Only rarely do courts strike non-competes on the final element of the three-part reasonableness test: whether enforcement would be contrary to a public interest.
Earlier this year, a Rhode Island court followed Massachusetts' lead and held that a physician non-compete could not be enforced through injunctive relief. The court believed "the strong public interest in allowing individuals to retain health care service providers of their choice 'outweighs any professional benefits derived from a restrictive covenant.'" Med. & Long Term Care Assocs., LLC v. Khurshid, 2016 R.I. Super. LEXIS 39 (R.I. Super. Ct. Mar. 29, 2016). Khurshid did not, however, rule out the possibility of a damages award for a breach. Its ruling was tailored to the injunction the medical practice sought.
It didn't take long for the other shoe to drop.
In July, Rhode Island banned physician non-competes in their entirety - meaning that the narrow escape hatch for employers to seek legal relief has closed (at least for contracts signed after the law's effective date of July 12, 2016. It is likely that contracts entered into before this date are governed by the common-law, which still may bar injunctions but may not prevent a damages award.

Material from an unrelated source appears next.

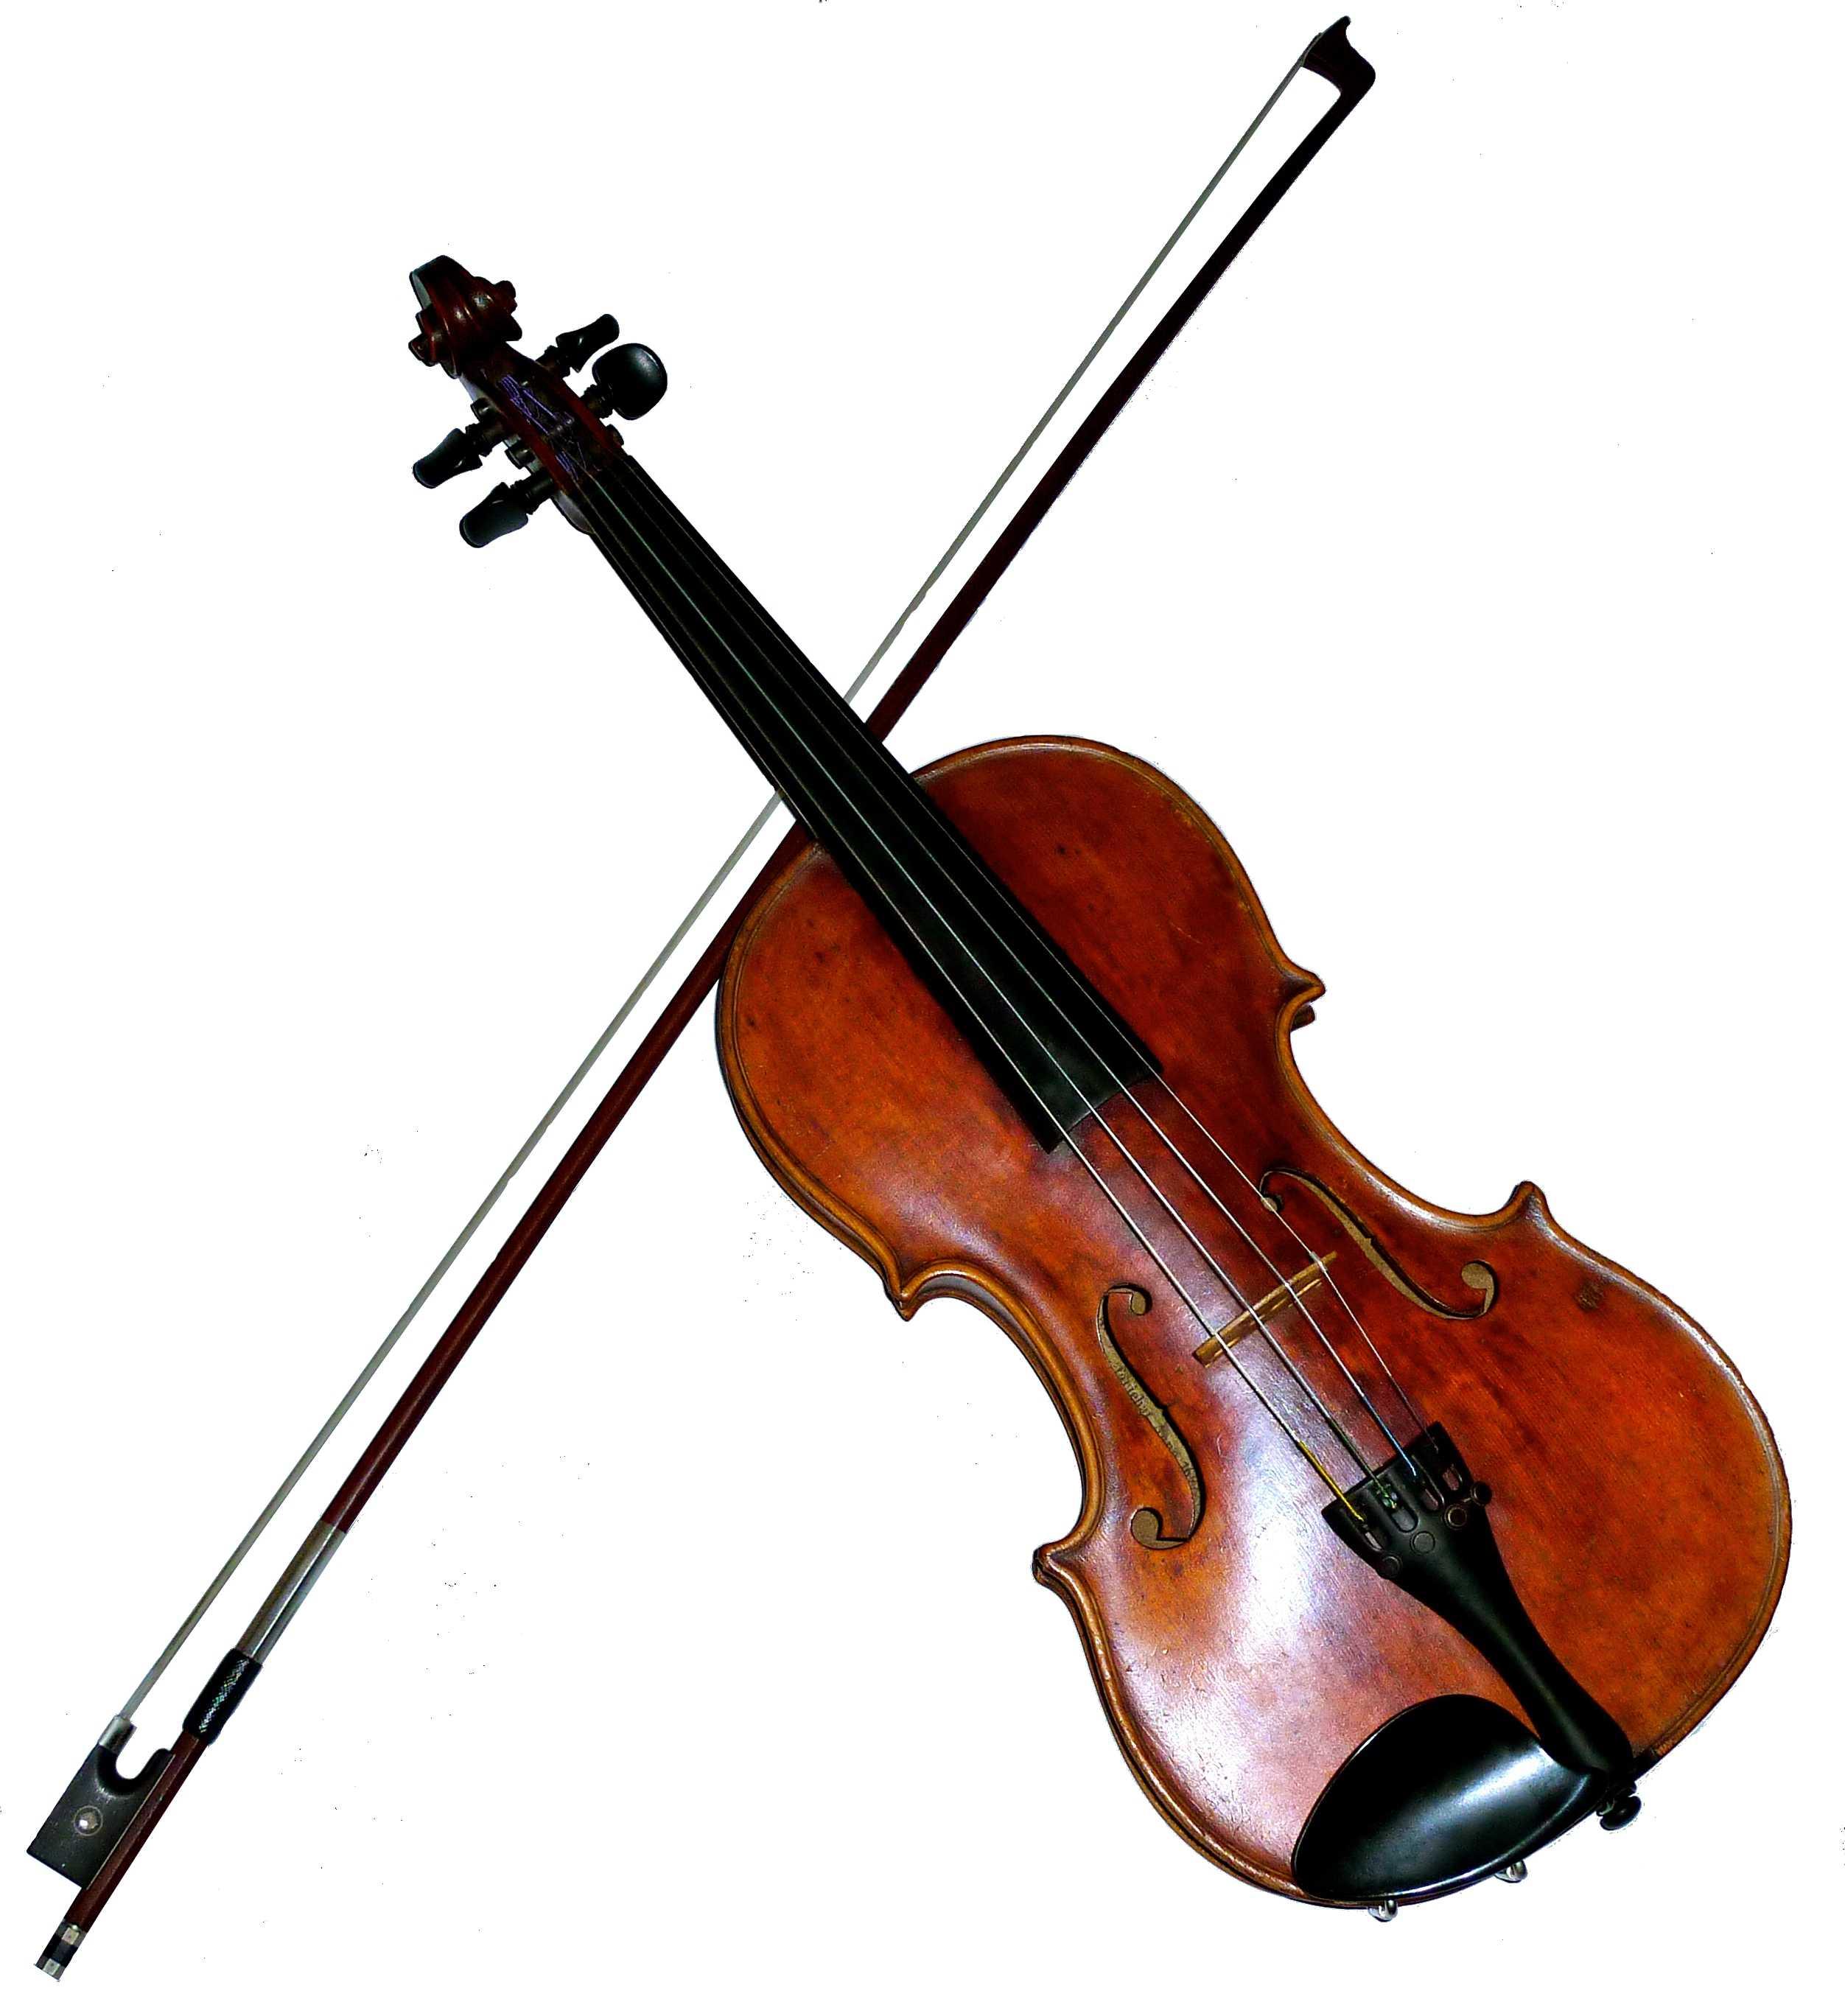 Elina Hakanen - Violin and Rachel Talbot - Soprano

Public policy arguments like the one advanced in Khurshid (and in other states for that matter) are difficult to make. Normally, statements of public policy come through constitutional provisions, statutory text, or a widely and universally declared judicial policy. In the context of non-compete arrangements, lawyers generally are not bound by them due to the Rules of Professional Conduct. Physicians have met with some success in Rhode Island in elsewhere due to the public interest in fostering the doctor-patient relationship. Investment advisers, on the other hand, are susceptible to non-compete enforcement, as are accountants. Other states carve out certain professions through legislative fiat, such as the relatively recent Hawaii law that bans non-competes for tech workers.
Public policy arguments are indeed difficult to make in the normal case because trial court judges do not set policy. And most non-compete disputes are quite fact-intensive. It is unusual to see blanket, categorical exclusions for enforcement.